My subscribers and readers of my daily column know that I have an intrinsic bias towards gold. This bias is in relationship to the finite quantity of gold when compared to fiat currencies.
Gold and silver were utilized as some of the earliest forms of currencies. The earliest types of government currencies were minted coins made of gold and silver. More importantly, the value of those coins was based solely on the value of the metal within.
That meant that the country with the most gold had the most wealth. By the mid-1800s most countries sought to standardize trade transactions. To that end, they adopted various currency standards based on gold. Paper currency or notes were government IOUs redeemable for an equivalent amount of gold.
In 1913 Congress created the Federal Reserve in order to stabilize currency and gold values. However, that all changed after World War I when European countries temporarily suspended the gold standard in order to print whatever currency was needed to pay for their involvement.
Most countries went back to some sort of a gold standard, which they modified so that they could print currency partially backed by gold. This, of course, was the beginning of the end of the gold standard. The net result of this action was the creation of fiat currencies.
It is the new relationship between government-issued fiat currencies and gold that formed my intrinsic bias for gold.
Gold as a Safe-Haven Asset
Gold also reacts as a safe-haven asset group in times of increased geopolitical conflicts. This was the underlying cause that fueled the most recent rally in gold.
The current trade dispute between the United States and China, an impending military strike by the United States in Syria, and the nuclear ambitions of North Korea collectively heightened geopolitical concerns taking gold pricing higher.
Recent declines in gold prices this week have been largely attributable to these geopolitical events either subsiding or concluding.

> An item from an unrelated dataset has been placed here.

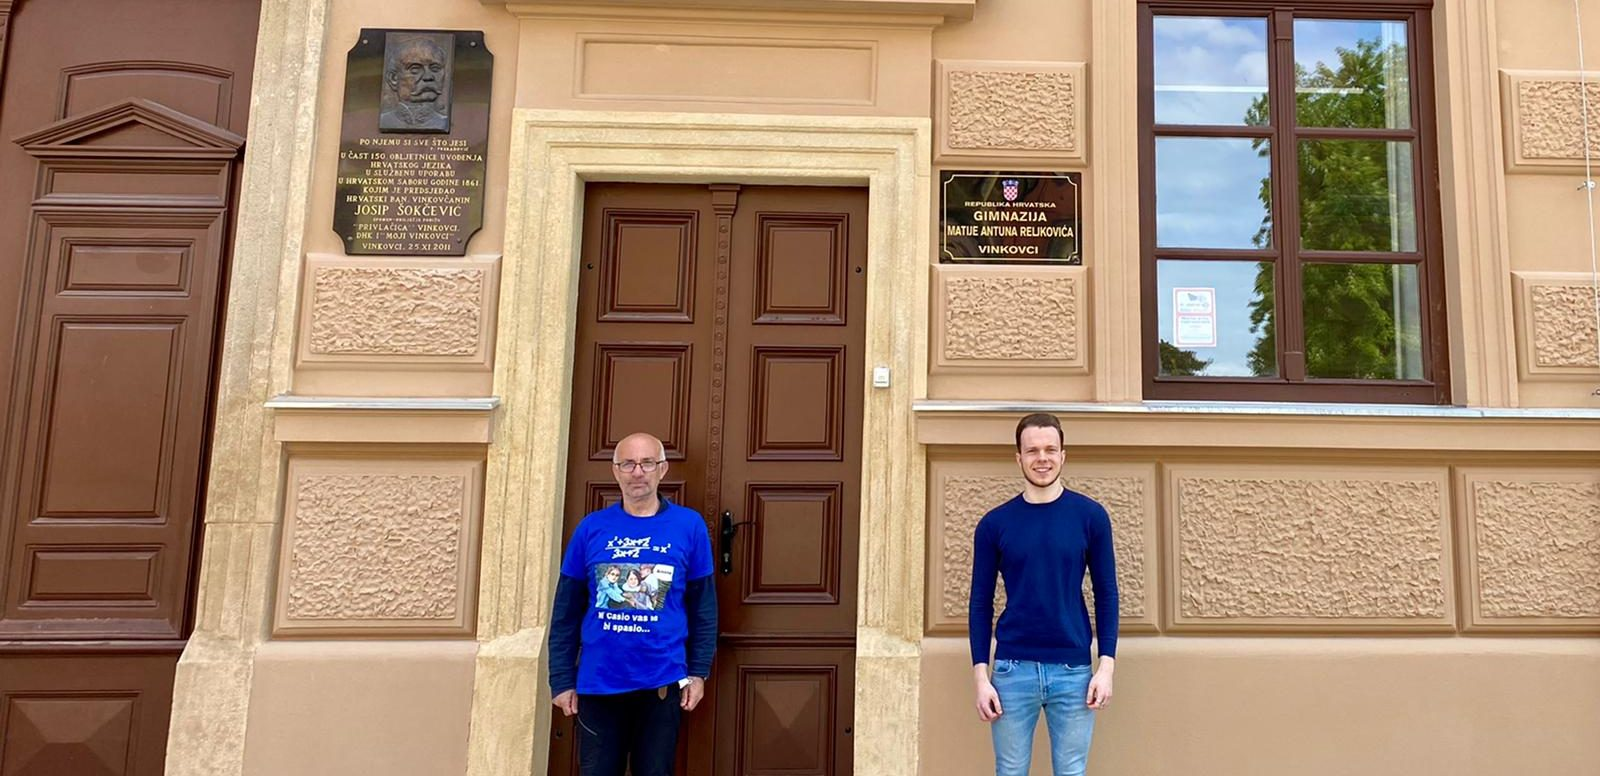 David i mentor prof. Krpan

The military response by the United States and allies occurred as a one and done event that appears to have concluded. Trade war fears in regard to the current dispute between the United States and China have at least for now been moved to the back burner. As remarkable as it seems, the United States and North Korea will sit down in attempts to resolve North Korea’s nuclear armament.
In other words, it is excellent news that gold is down. While I continue to have an intrinsic bias favoring gold over fiat currencies, it is the safe-haven aspect of the precious yellow metal that no one wishes to exploit. Lower gold prices reflecting a more peaceful geopolitical environment present an easy pill to swallow.